==== Information supplied ====

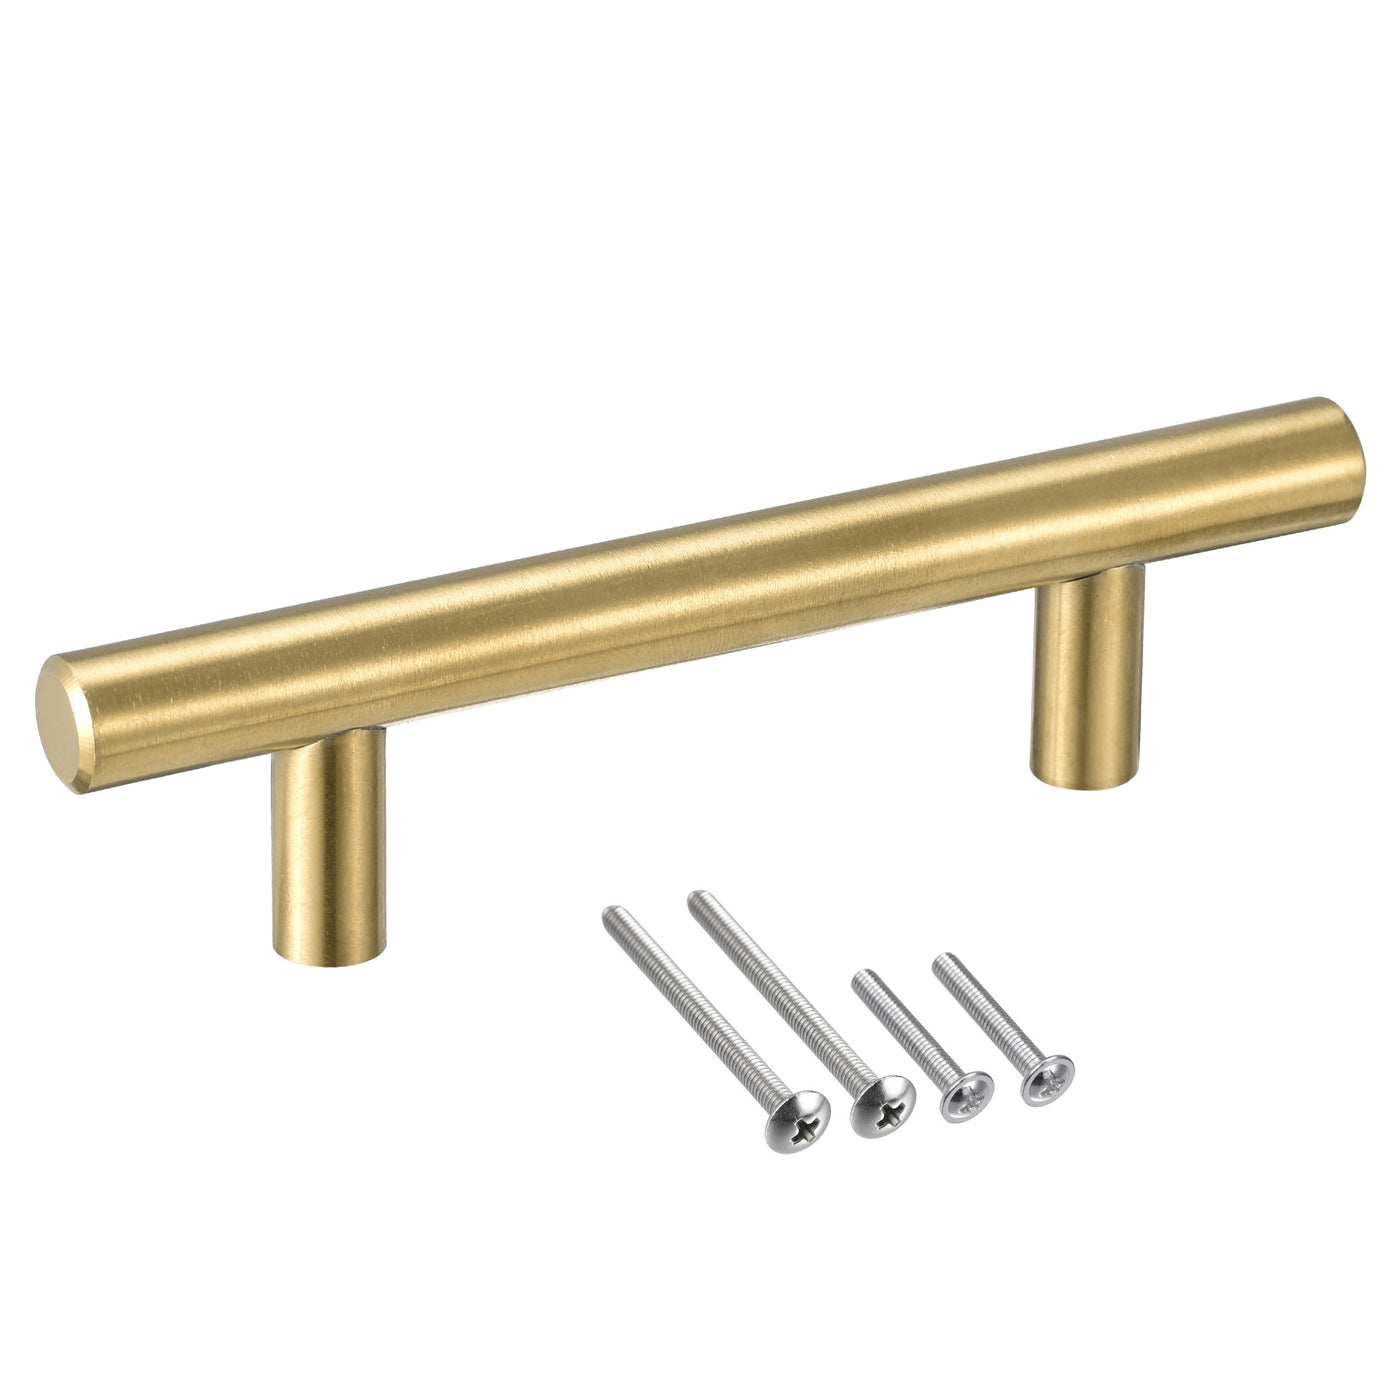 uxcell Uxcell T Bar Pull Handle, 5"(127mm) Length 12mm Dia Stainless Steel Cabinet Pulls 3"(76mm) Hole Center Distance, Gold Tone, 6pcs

====
==== Information supplied ====

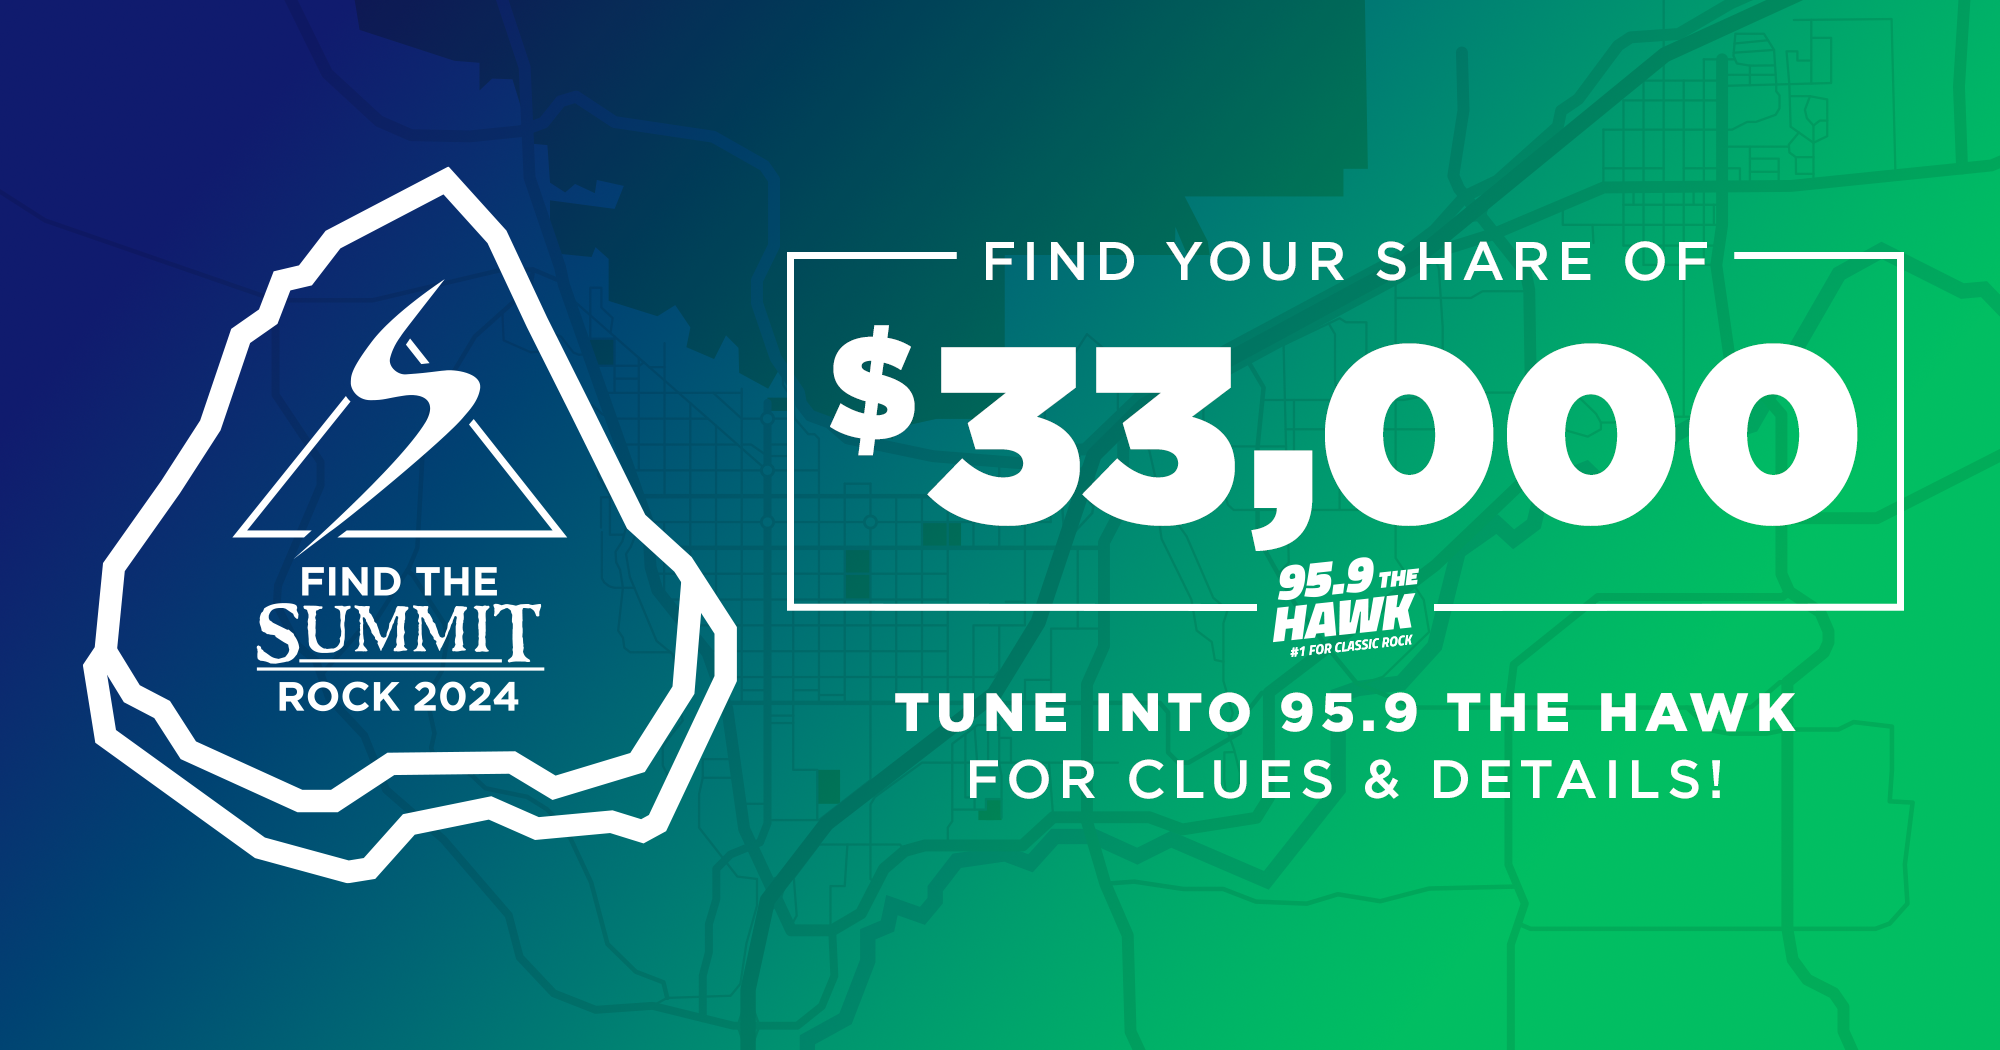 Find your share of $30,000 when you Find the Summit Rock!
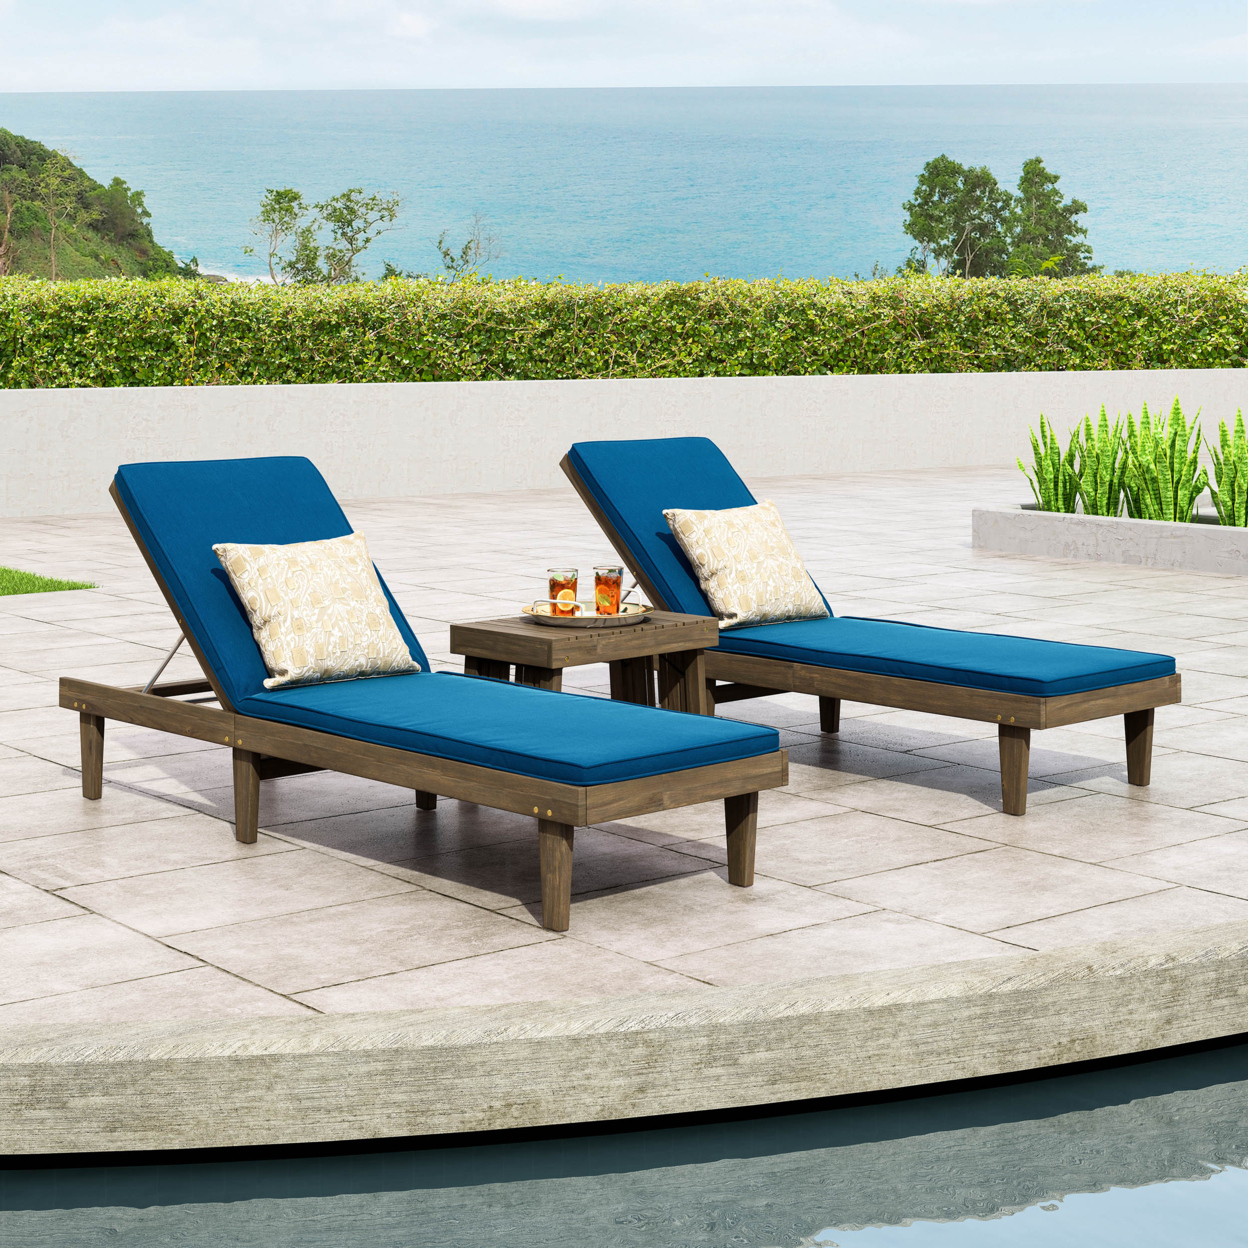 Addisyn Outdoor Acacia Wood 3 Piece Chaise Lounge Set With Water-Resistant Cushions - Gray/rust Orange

====

Problem to work on:
Return exactly the lines of the material above, starting at the line containing "Find your share" and finishing at the line containing "Addisyn Outdoor Acacia", without any pictures.

Written reply:
 Find your share of $30,000 when you Find the Summit Rock!
 Addisyn Outdoor Acacia Wood 3 Piece Chaise Lounge Set With Water-Resistant Cushions - Gray/rust Orange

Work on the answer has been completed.